## TASK INSTRUCTIONS
Omit the images and output every line of the data below exactly.

## THE DATA

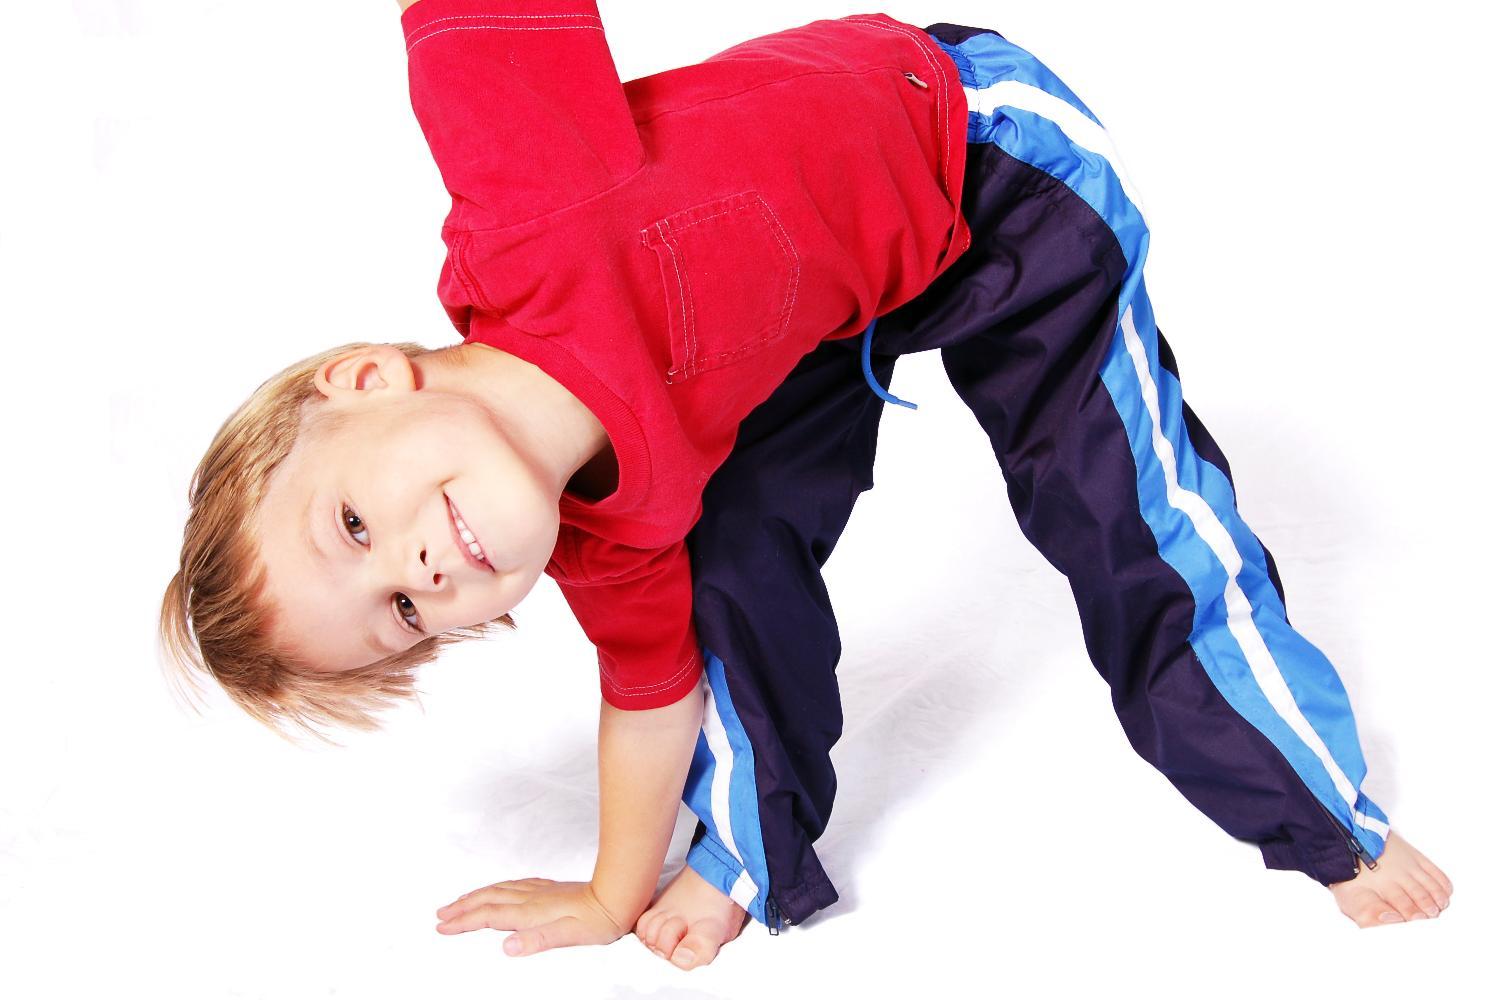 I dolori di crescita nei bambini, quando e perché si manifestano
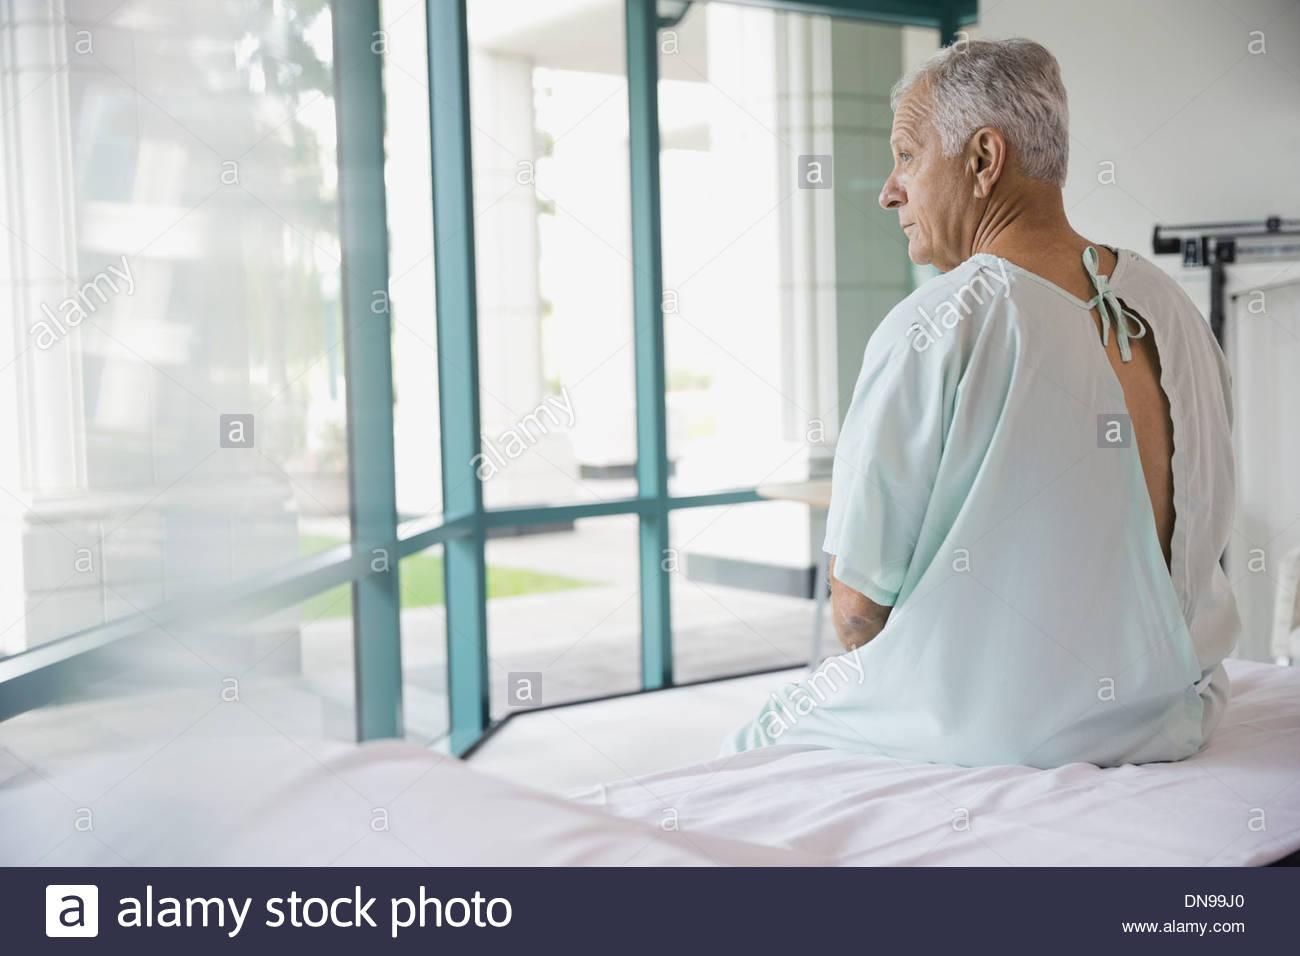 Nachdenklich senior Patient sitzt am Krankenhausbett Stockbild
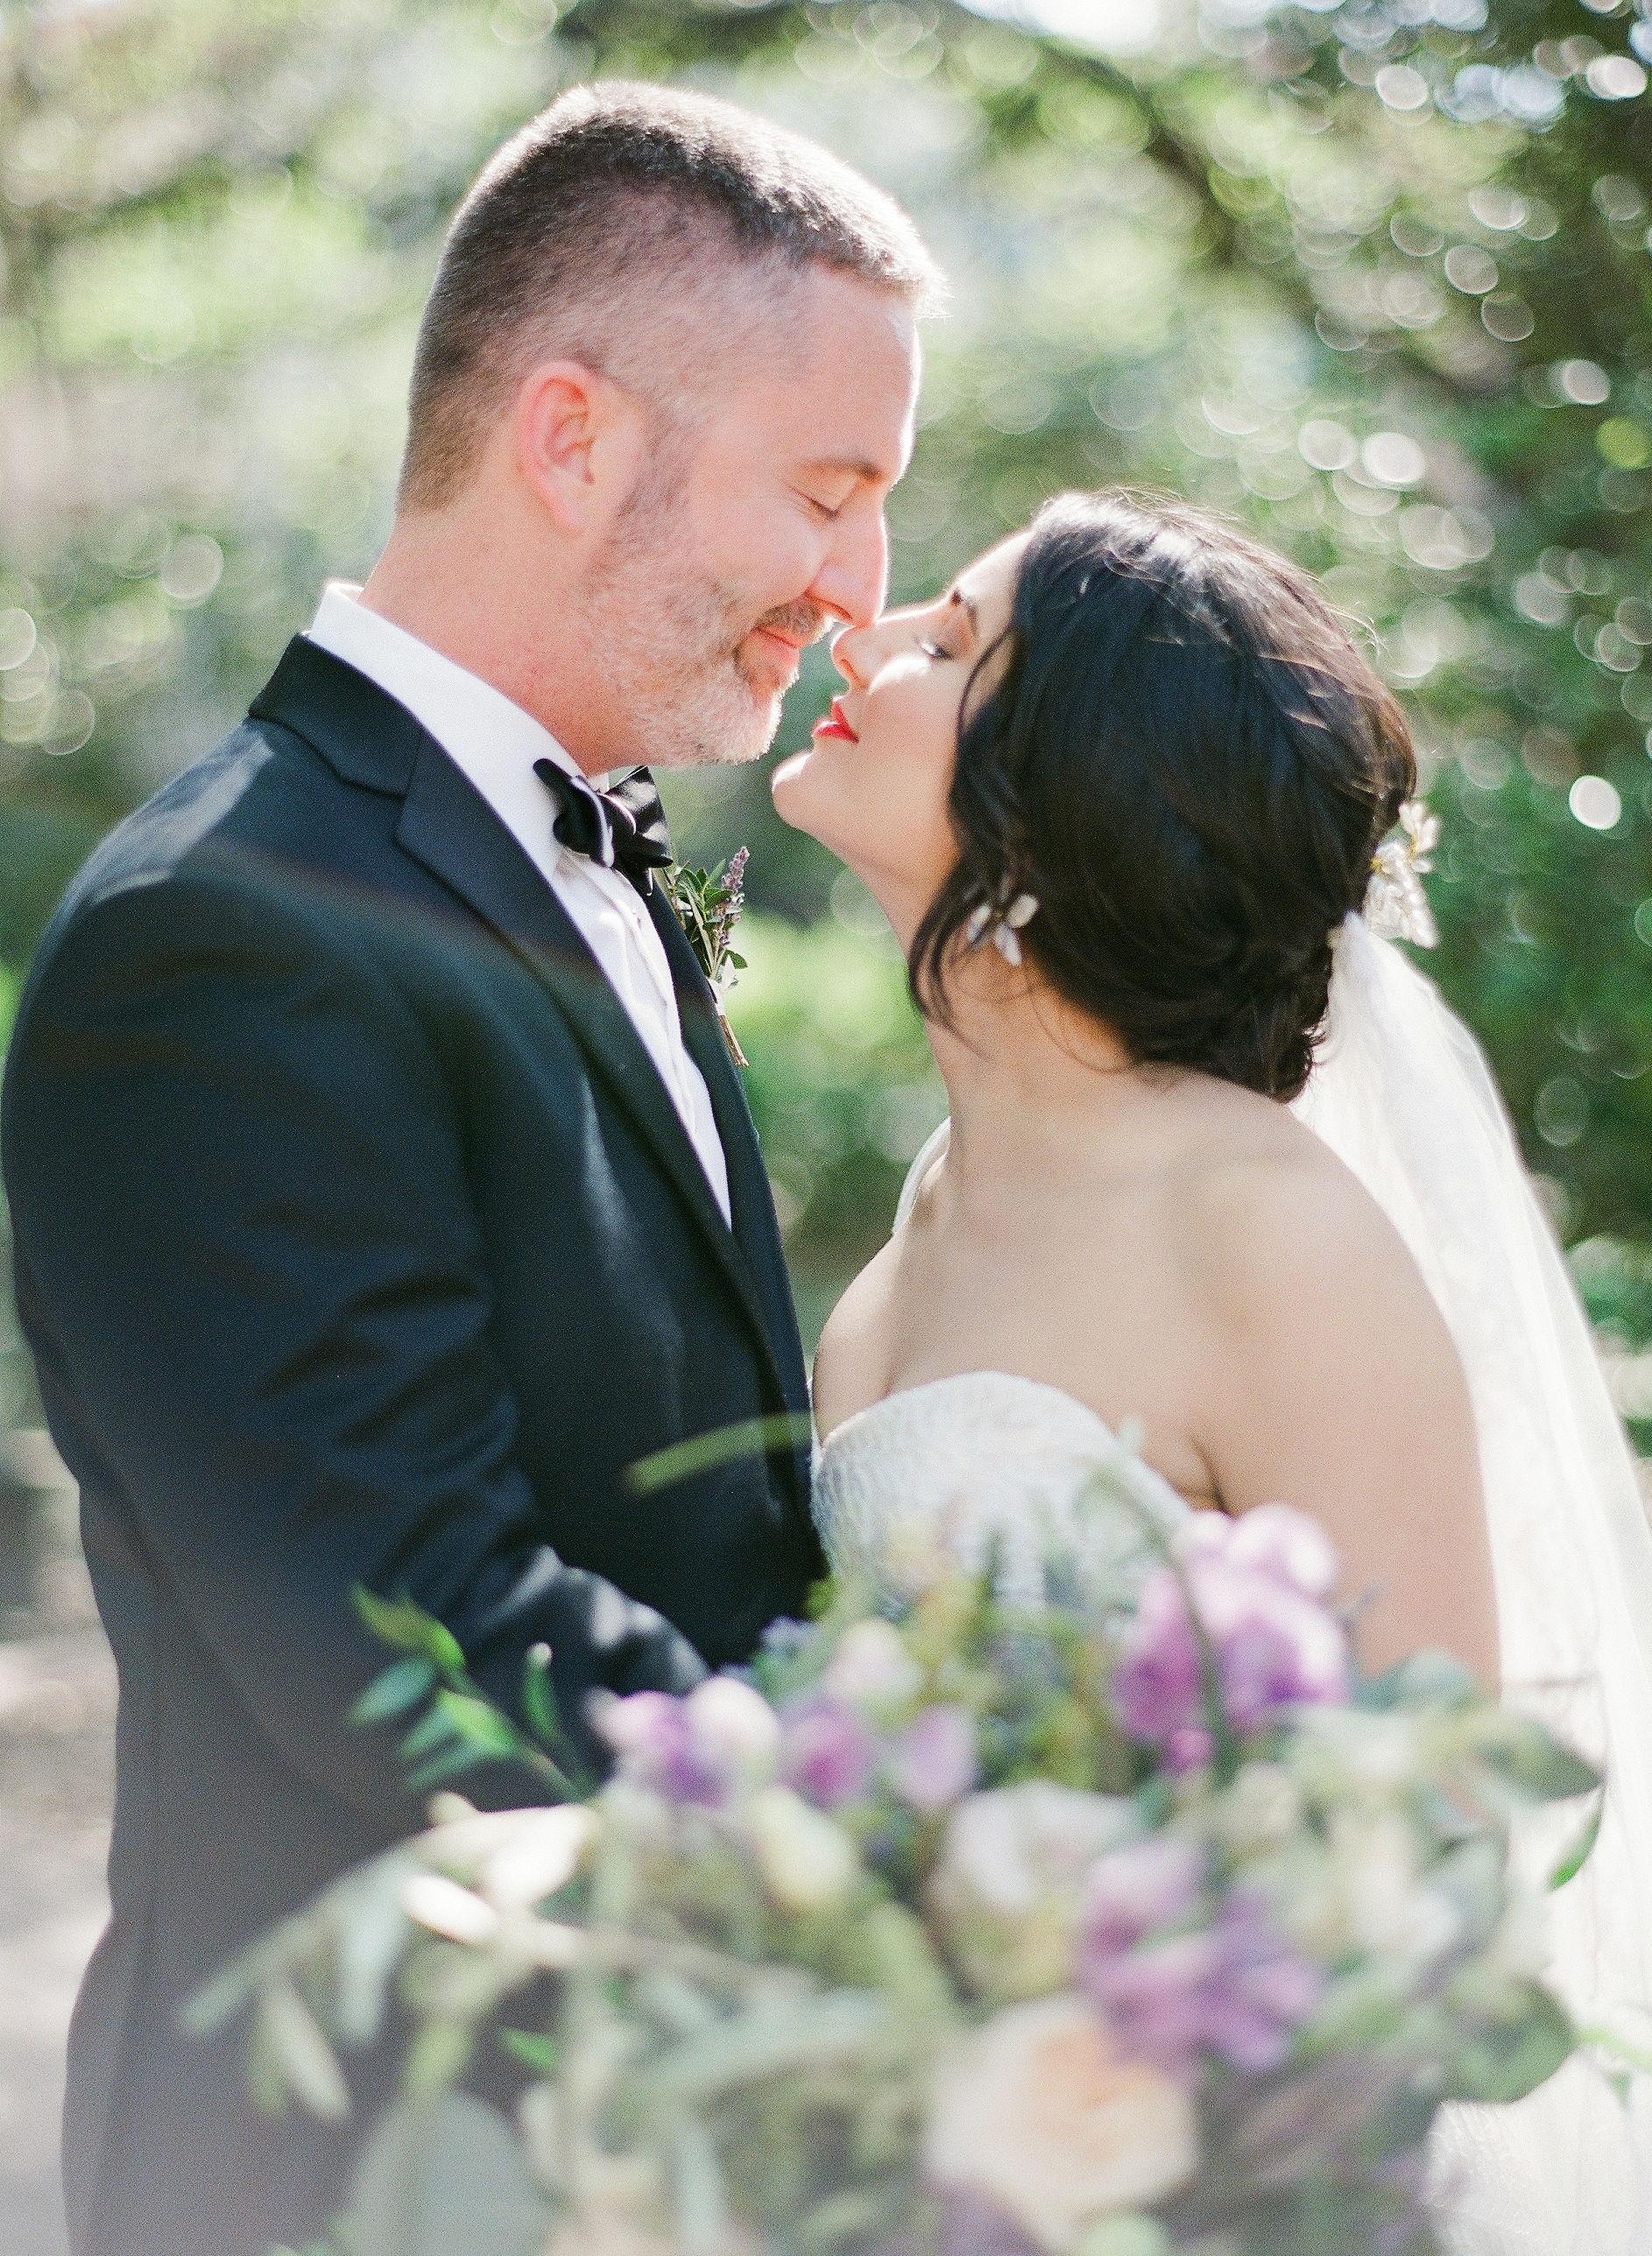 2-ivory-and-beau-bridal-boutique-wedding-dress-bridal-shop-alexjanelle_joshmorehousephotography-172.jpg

## SOLUTION BELOW
 I dolori di crescita nei bambini, quando e perché si manifestano
 Nachdenklich senior Patient sitzt am Krankenhausbett Stockbild
 2-ivory-and-beau-bridal-boutique-wedding-dress-bridal-shop-alexjanelle_joshmorehousephotography-172.jpg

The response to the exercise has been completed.